O optimismo cristão

Francisco Sarsfield Cabral, jornalista

“Cada ano novo traz consigo a expectativa de um mundo melhor”. Com esta frase começa a mensagem de Bento XVI para o Dia Mundial da Paz, 1 de Janeiro. Mas a expectativa de um mundo melhor é algo que parece desvanecer-se em várias partes do globo. Sobretudo a Ocidente, vivemos um tempo de pessimismo.

 

A descrença num mundo melhor tem a ver com vários factores. A crise financeira global, iniciada em 2007 nos Estados Unidos, e a crise da zona euro contribuem para o pessimismo. Por outro lado, muitos ocidentais vêem com tristeza transferir-se para a Ásia o centro dinâmico da economia mundial.

 

Mais importante, o colapso do comunismo legou uma herança de cinismo quanto à ideia de mudar o mundo. Pois se um projecto de acabar com a exploração dos pobres se revelou tão negativo, não será preferível deixarmo-nos de fantasias adolescentes e cada um ir tratar da sua vida, sem se preocupar com os males da sociedade nem com o sofrimento dos outros?

 

A esta atitude contrapõe-se frontalmente o optimismo cristão. Na sua Mensagem, o Papa apela a “uma evolução espiritual, uma educação para os valores mais altos, uma visão nova da história humana”. E denuncia “os ídolos deste mundo”, que conduzem a “consciências cada vez mais insensíveis, (…) a fechar-se em si mesmo, a uma existência atrofiada vivida na indiferença.
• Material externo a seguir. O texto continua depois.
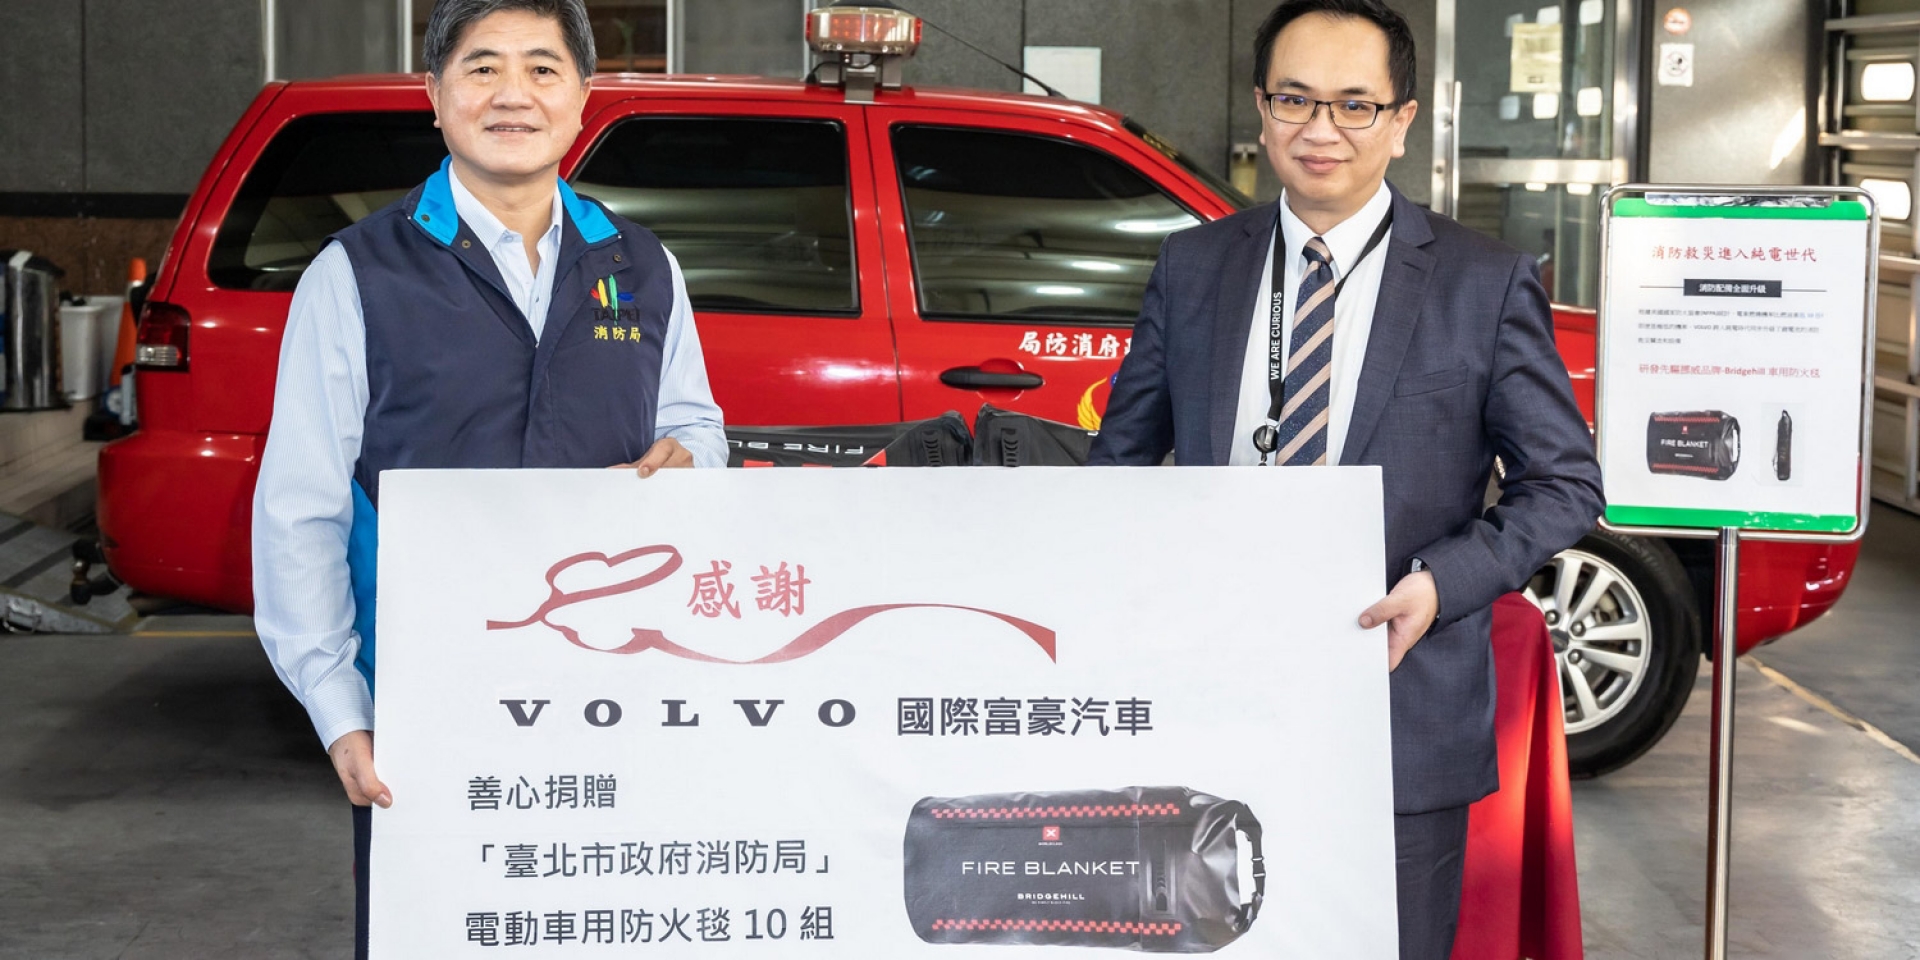 VOLVO 品牌全面電動化 大力推動電動車安全 參與台北市消防局安全訓練講座 捐贈專業車用防火毯

Ao contrário, a pedagogia da paz implica serviço, compaixão, solidariedade, coragem e perseverança.”

 

Ora isto é o oposto de uma fuga ao mundo. “Cada homem é criado à imagem de Deus e chamado a crescer contribuindo para a edificação de um mundo novo”. Num artigo assinado por Bento XVI e publicado dias antes do Natal no jornal britânico de negócios Financial Times (facto inédito!), o Papa diz que “nos Evangelhos os cristãos encontram inspiração para as suas vidas diárias e para o seu envolvimento nos assuntos do mundo. Seja no Parlamento ou na Bolsa, os cristãos não devem fugir do mundo”.

 

O que implica tentar modificar muita coisa. Por exemplo, “o desmantelamento da ditadura do relativismo”, que leva a uma concepção débil da pessoa, incapaz de fundamentar direitos humanos. Ou procurar “um novo modelo de desenvolvimento e também uma nova visão da economia” – apelo que já se encontrava na encíclica Caritas in Veritate e que, na minha opinião, ainda não encontrou resposta adequada por parte dos intelectuais católicos.

 

É que, sublinha Bento XVI, “o modelo que prevaleceu nas últimas décadas apostava na busca da maximização do lucro e do consumo, numa óptica individualista e egoísta que pretendia avaliar as pessoas apenas pela sua capacidade de dar resposta às exigências da competitividade”.

 

O que chamo “optimismo cristão” não é, pois, um sentimento desligado da realidade e muito menos uma atitude passiva. “Bem-aventurados os obreiros da paz”, é o título da Mensagem do Papa. Os cristãos devem “meter a mão na massa”, juntamente com todos os homens de boa vontade.